We don’t play pricing games and we don’t pretend that we’re giving you discounts when they’re not real in the first place. That is a core part of our ethos – transparency and keeping it fair and simple.

Our tip: don’t trust supermarket ‘deals’. They are hardly ever genuine. If you do insist on buying supermarket deals, pull out your phone and see if the wine is available elsewhere to check the price validity. Note that 90%+ of supermarket wine is own-label to control and hide the economics behind the ‘offers’.

 

Support a small business

This year, small businesses across the nation set up online shops to continue to serve customers throughout the UK’s first lockdown. Whilst we and others have always sold direct, our year has been turbulent with our restaurant customers closed or running reduced lists. We will turnover less than 50% in trade sales vs 2019. 

This should paint a picture of why consumer spending choices are now the lifeblood of small businesses. If everyone shopped in Amazon or large supermarkets there would be no small businesses (who employ over 70% of the country’s people). This also goes for the supply chain; small businesses generally buy from smaller suppliers the same way we buy wine from small, organic winemakers; you purchasing from a small wine merchant puts your money indirectly back into these people’s projects and lifeblood.

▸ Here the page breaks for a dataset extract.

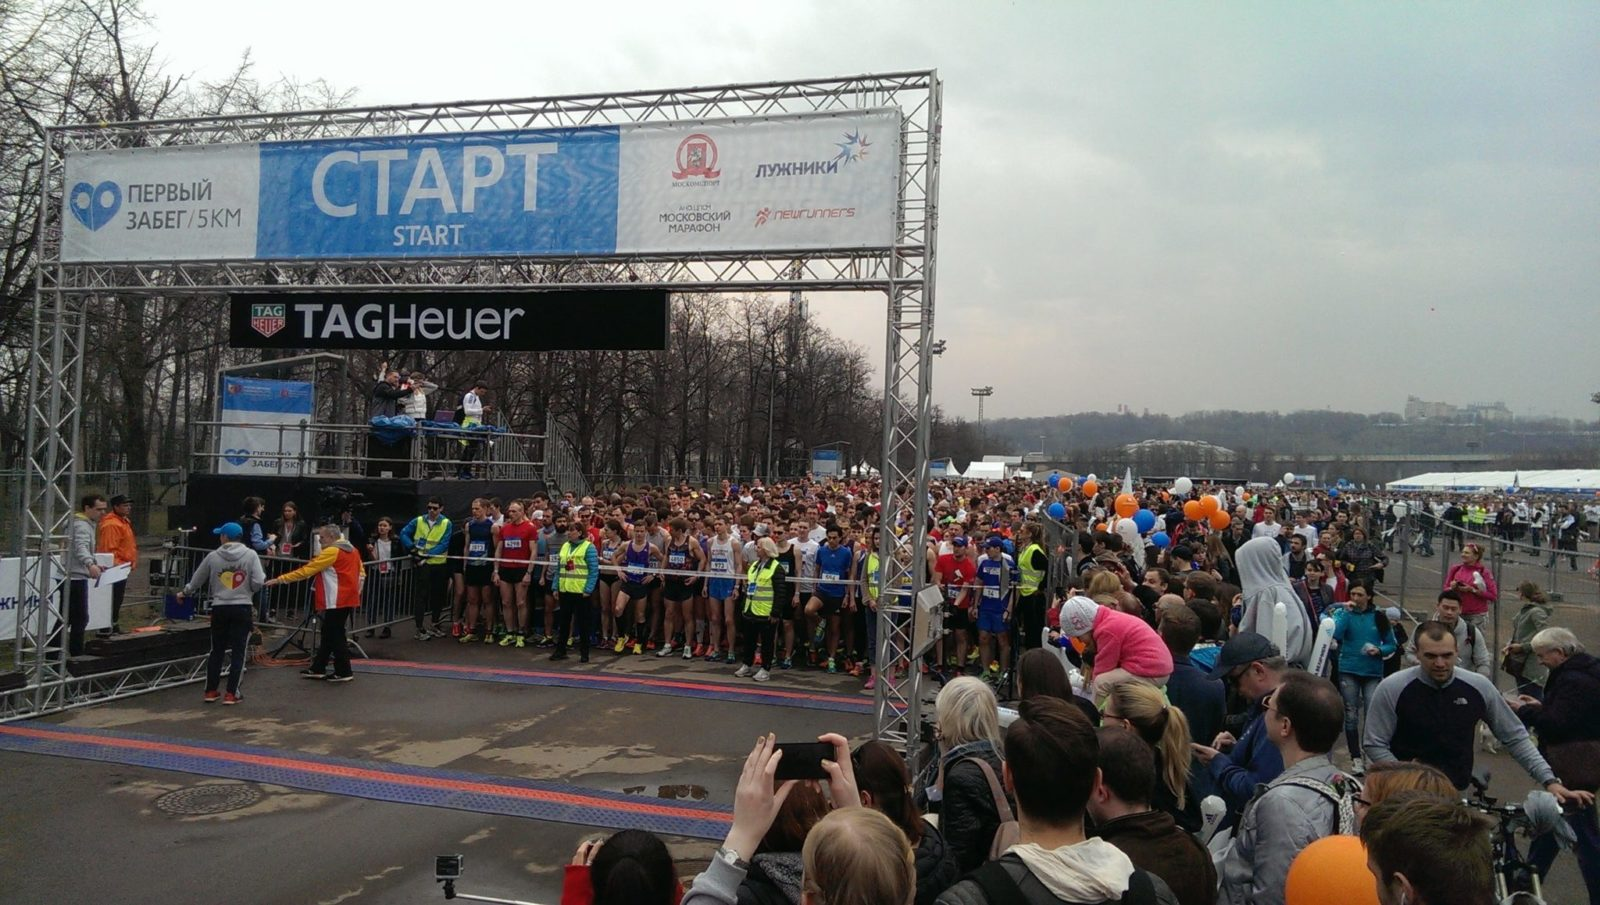 FIRST RUN 5 KM, ЛУЖНИКИ 10.4.2016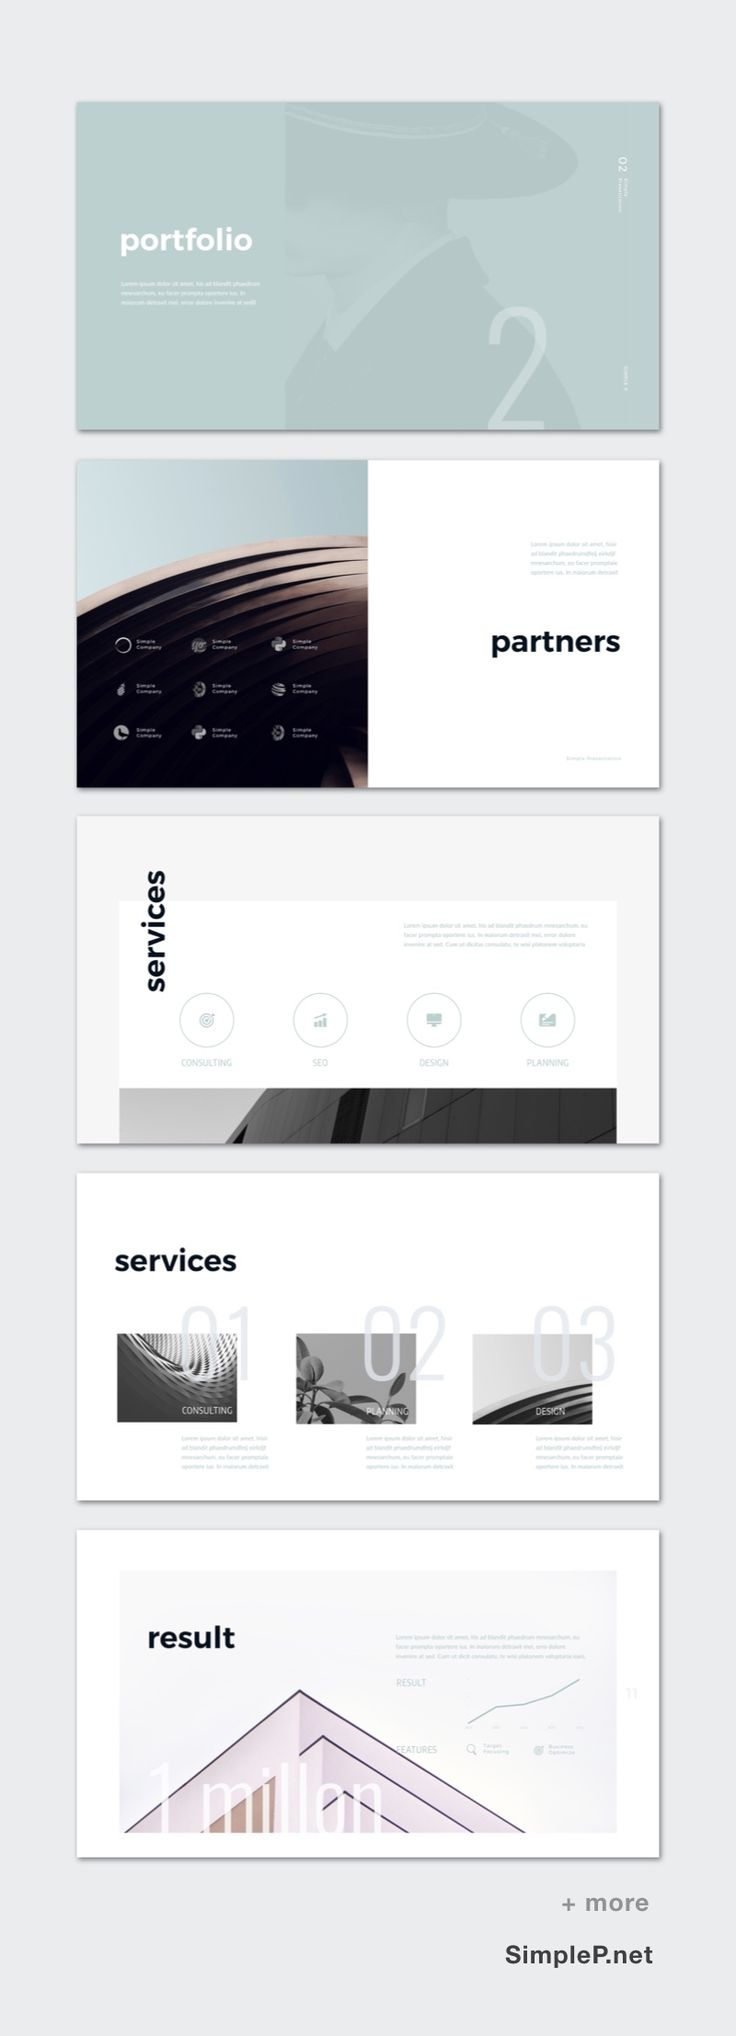 Zero Presentation Keynote Template #partners #services #flow #process #result #presentation #template #keynote #business #company #corporate #introduce #portfolio

This point isn’t just about us, it is much bigger than that. So what can you do to help in a COVID-stricken Christmas?

Our tips:

  • For presents, buy gift cards for small businesses that have online shops
  • Spread the word to friends and family. As you know, Wanderlust (like others) runs an awesome refer-a-friend scheme where you earn vouchers back for helping. Sharing social media posts and marketing emails also helps all that little bit.
  • If you have a positive experience, tell them and write a positive review!
  • If there is anything you wished they sold or ways you wished they worked, give constructive and helpful feedback

About, Richard Ellison, Wanderlust Wine

Richard set up Wanderlust Wine with the goal to import and champion small producers, making organically-focused wines. Wanderlust Wine now imports hundreds of wines from pockets of the world, all with their own unique story to tell.